In terms of results, the company applied for 16 invention patents in the first half of 2022, including 10 invention patents and 6 utility model patents. By the end of June 2022, the company had applied for 460 patents, including 297 Chinese invention patents (99 have been authorized) and 17 international invention patents (7 have been authorized).

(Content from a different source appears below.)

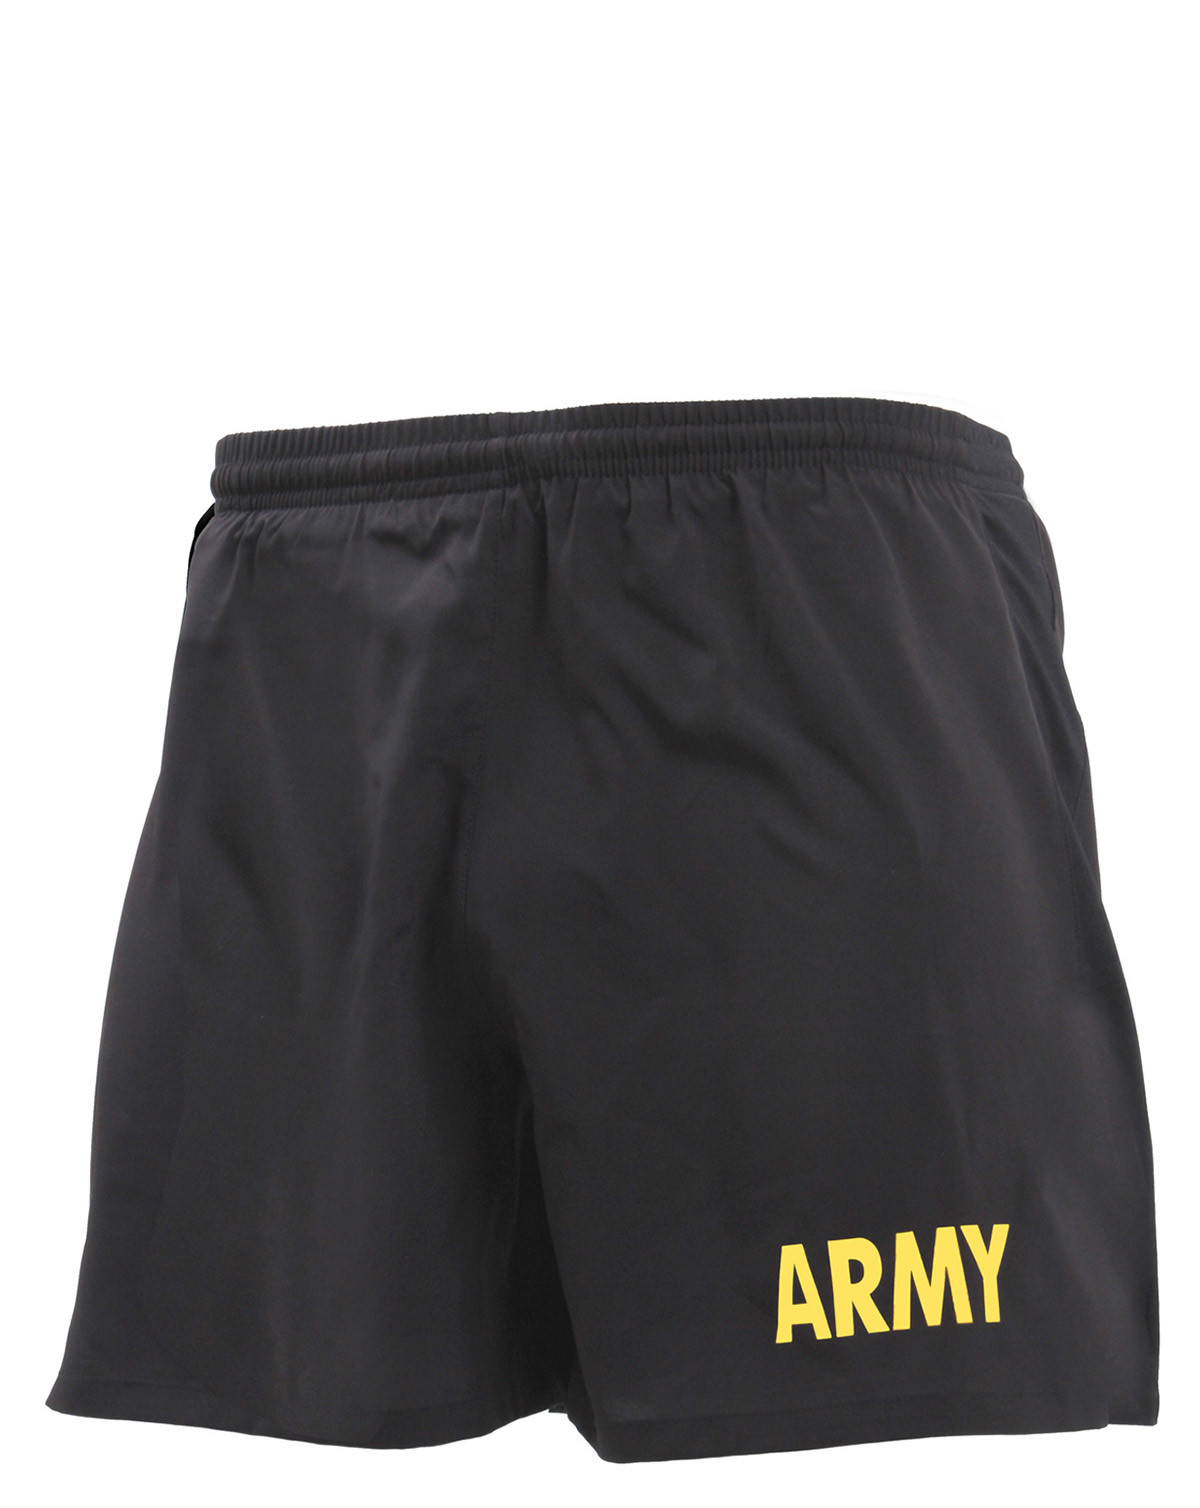 Rothco Army PT Trænings Shorts (Sort, S)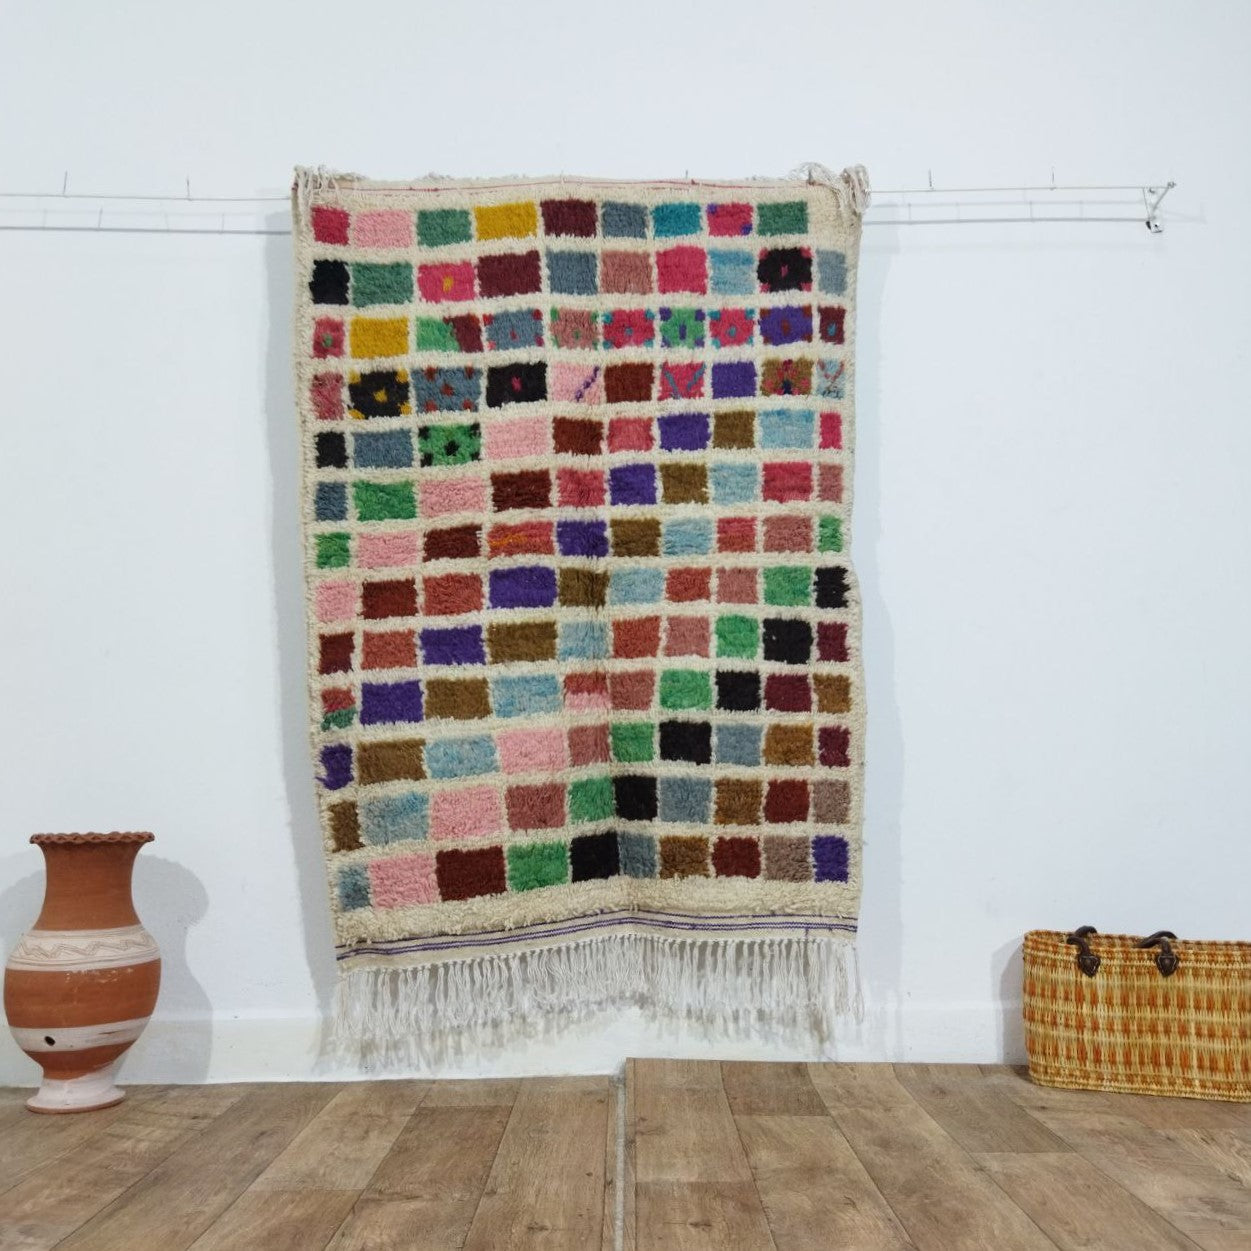 Colorful Handmade Rug, Colorful Checkered Rug - Berber style wool rug from Morocco - Modern rug

Industrial investment is expected to find new growth points for the company

In the first half of 2022, on the one hand, the company deepened its layout in the grinding fluid materials industry, transferred 100% of Shanghai Huiyan's shares, increased capital in Suzhou Bolinarun, accelerated the integration of industrial resource advantages, overcame the country's “stuck neck” project, and actively sought cooperation upstream. On the other hand, the company actively participated in industrial investment and invested in projects such as Suzhou Anxin Tongying Venture Capital Partnership (limited partnership), Jiangsu Xinchao Wanxin Venture Capital Partnership (limited partnership), Hongwei Venture Capital Fund Center (limited partnership) in Hengqin New Area of Zhuhai City, and Shanghai Chengquan Science and Technology Center (limited partnership). While helping the development of the industry, it has collaborated with the company's main business, continuously expanding and strengthening the company's industrial strength.

Investment advice

The company's net profit from 2022-2024 is expected to be 103, 258 and 386 million yuan respectively, with year-on-year growth rates of -0.8%, 149.6% and 49.8%. The corresponding PE was 110.00, 44.07, and 29.42 times, respectively. The first coverage gave a “buy” rating.

Risk warning

Downstream demand fell short of expectations, delivery fell short of expectations due to the pandemic, and R&D progress fell short of expectations.

The translation is provided by third-party software.